_Given data:_
:::::

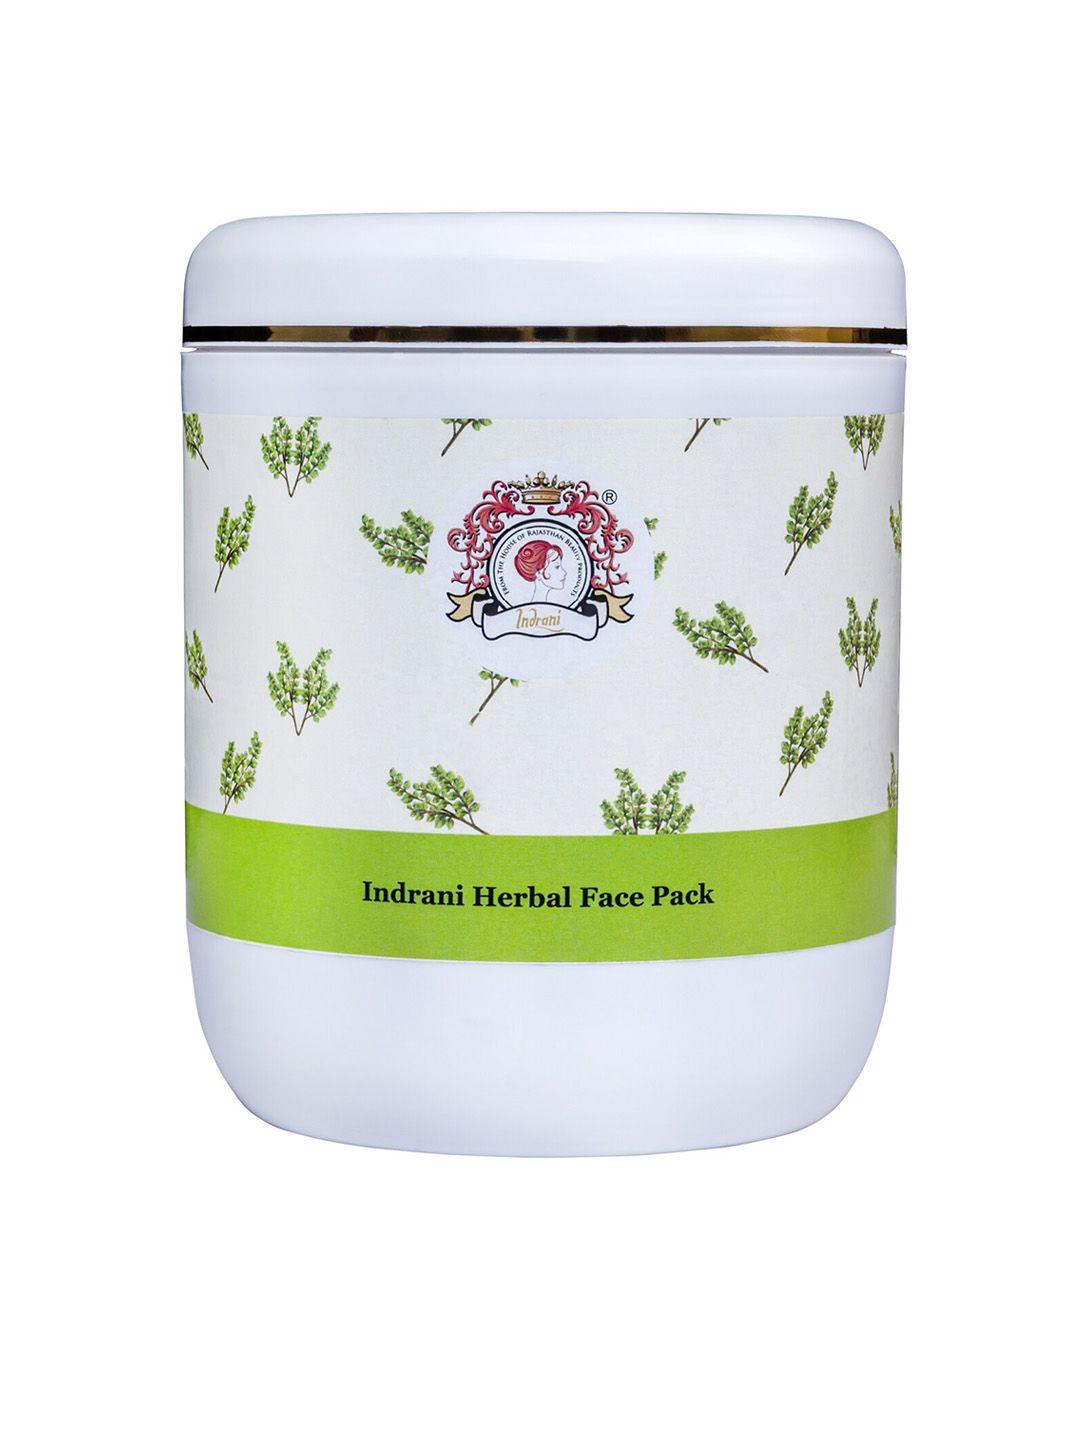 indrani cosmetics herbal face pack - 1 kg
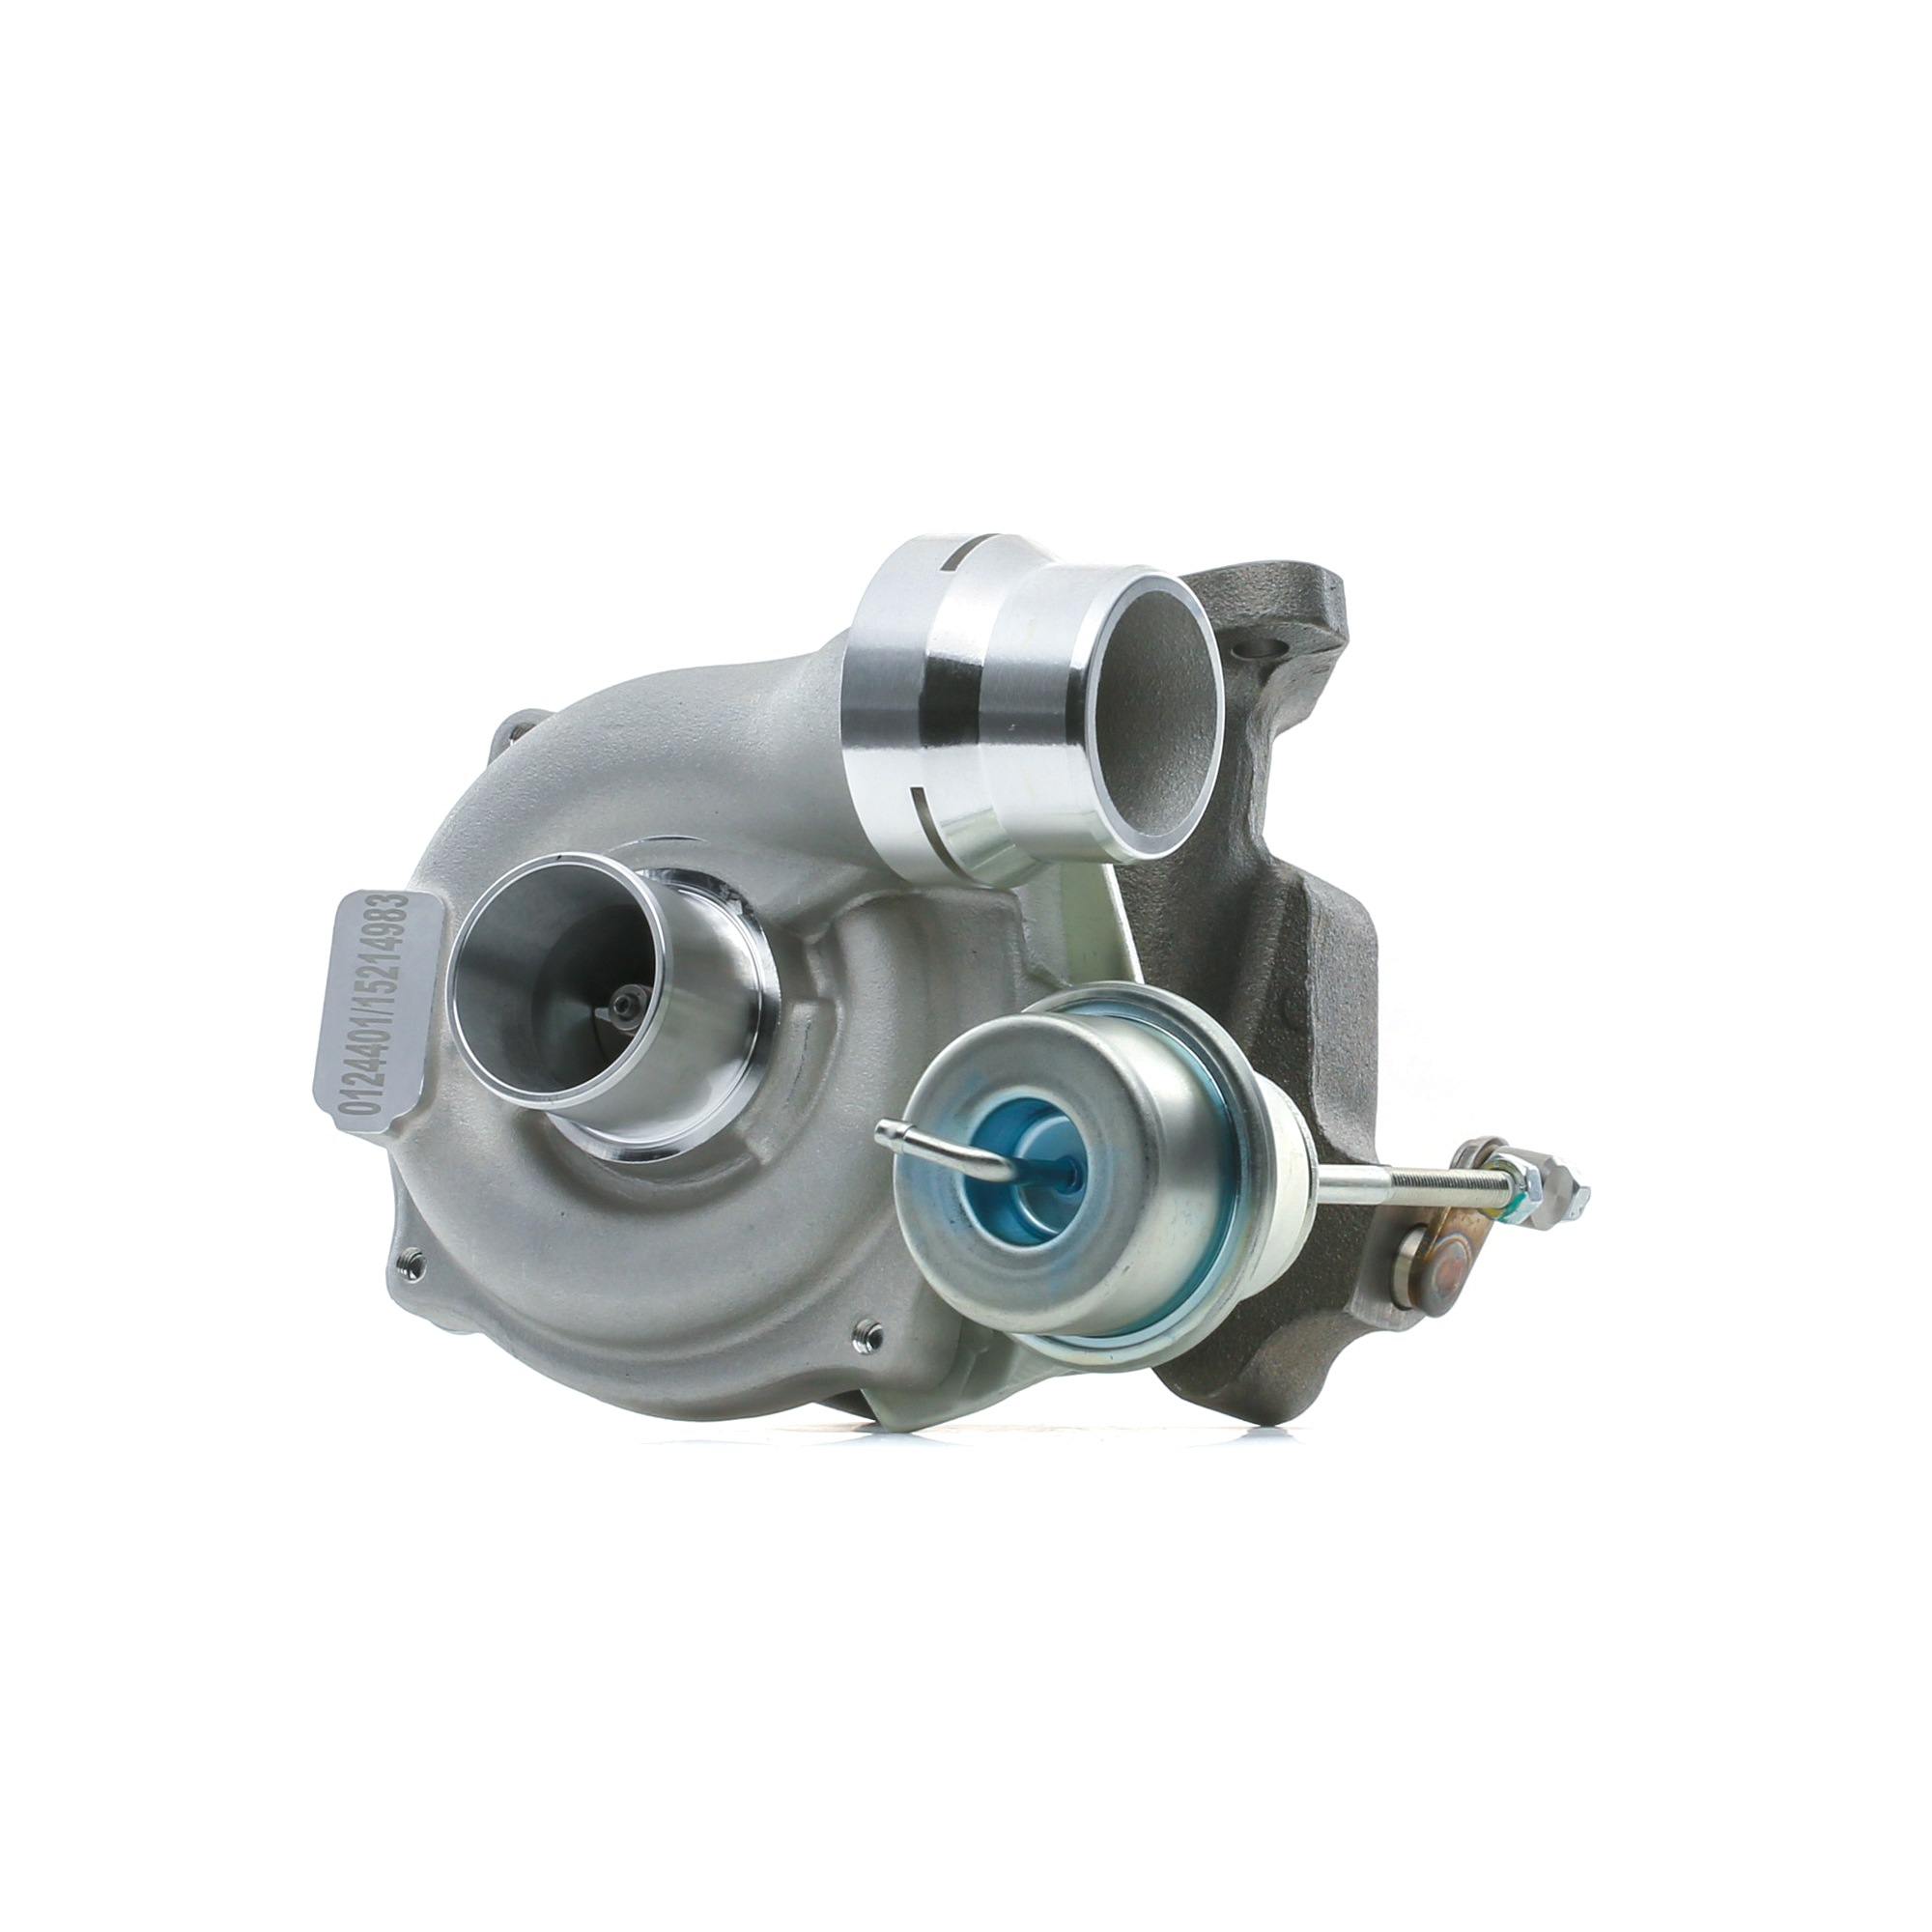 SKCT-1190271 STARK Turbocharger DACIA Exhaust Turbocharger, Pneumatic, with gaskets/seals
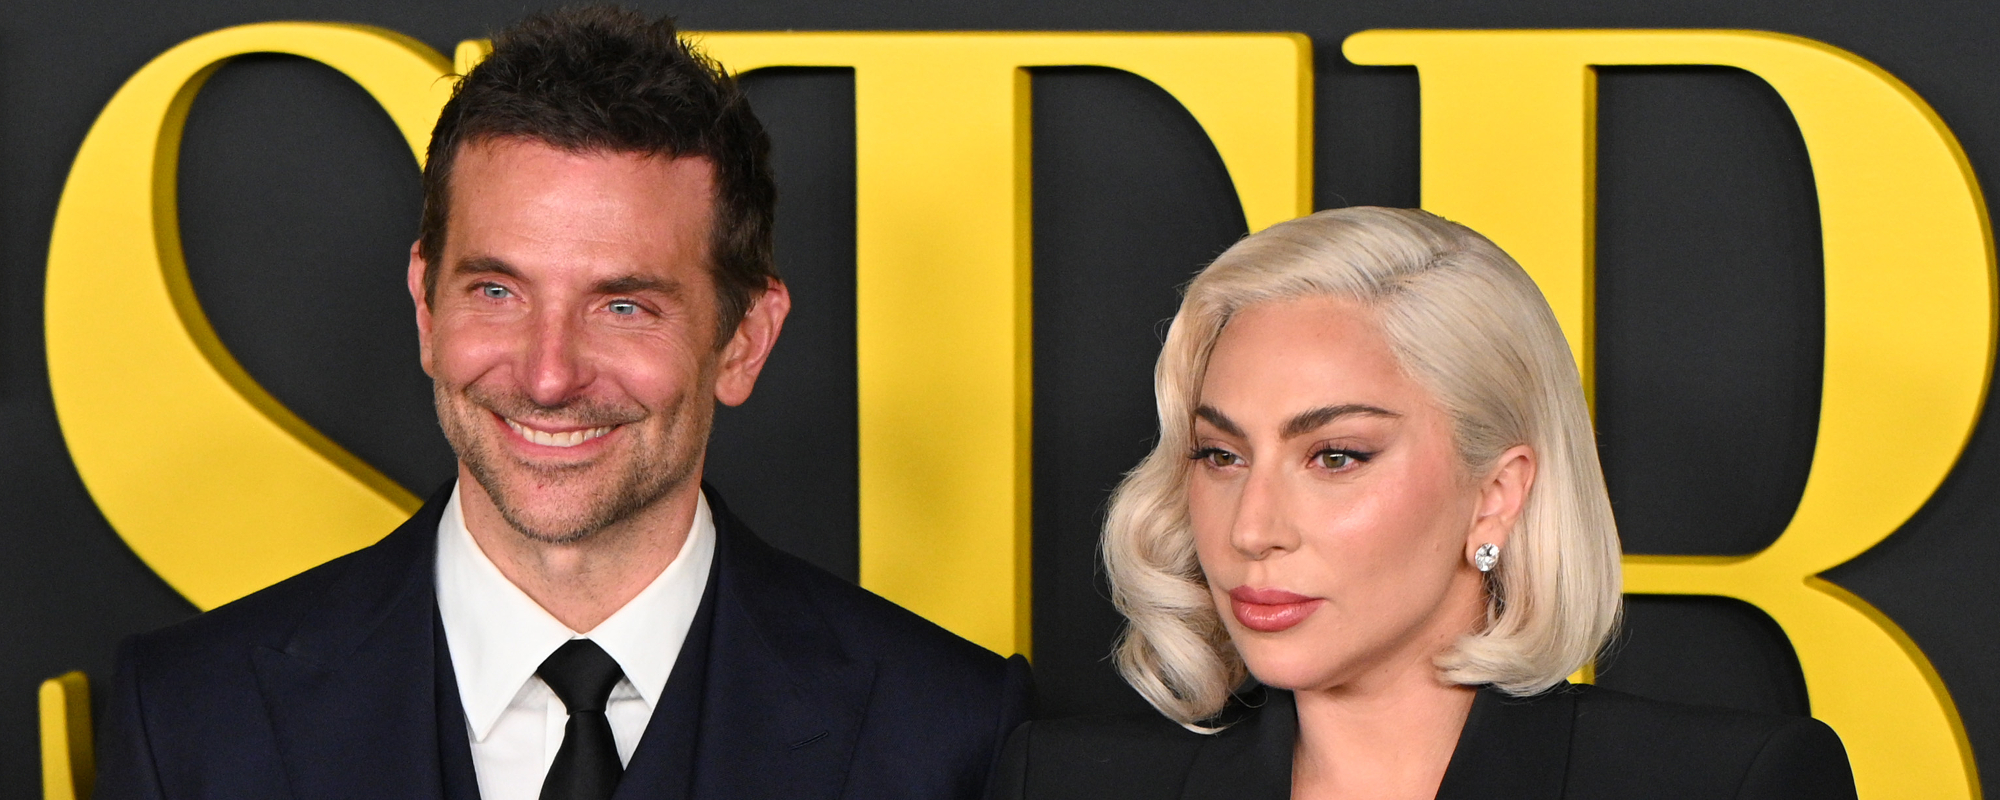 “It Means the World to Me”: Bradley Cooper Gushes Over Lady Gaga at ‘Maestro’ Premiere

:::::

_Work task:_ Set down nothing but the lines from the one containing "SKCT-1190271 STARK Turbocharger" to the final line above, both included, with every picture left out.

_Response to this exercise:_
 SKCT-1190271 STARK Turbocharger DACIA Exhaust Turbocharger, Pneumatic, with gaskets/seals
 “It Means the World to Me”: Bradley Cooper Gushes Over Lady Gaga at ‘Maestro’ Premiere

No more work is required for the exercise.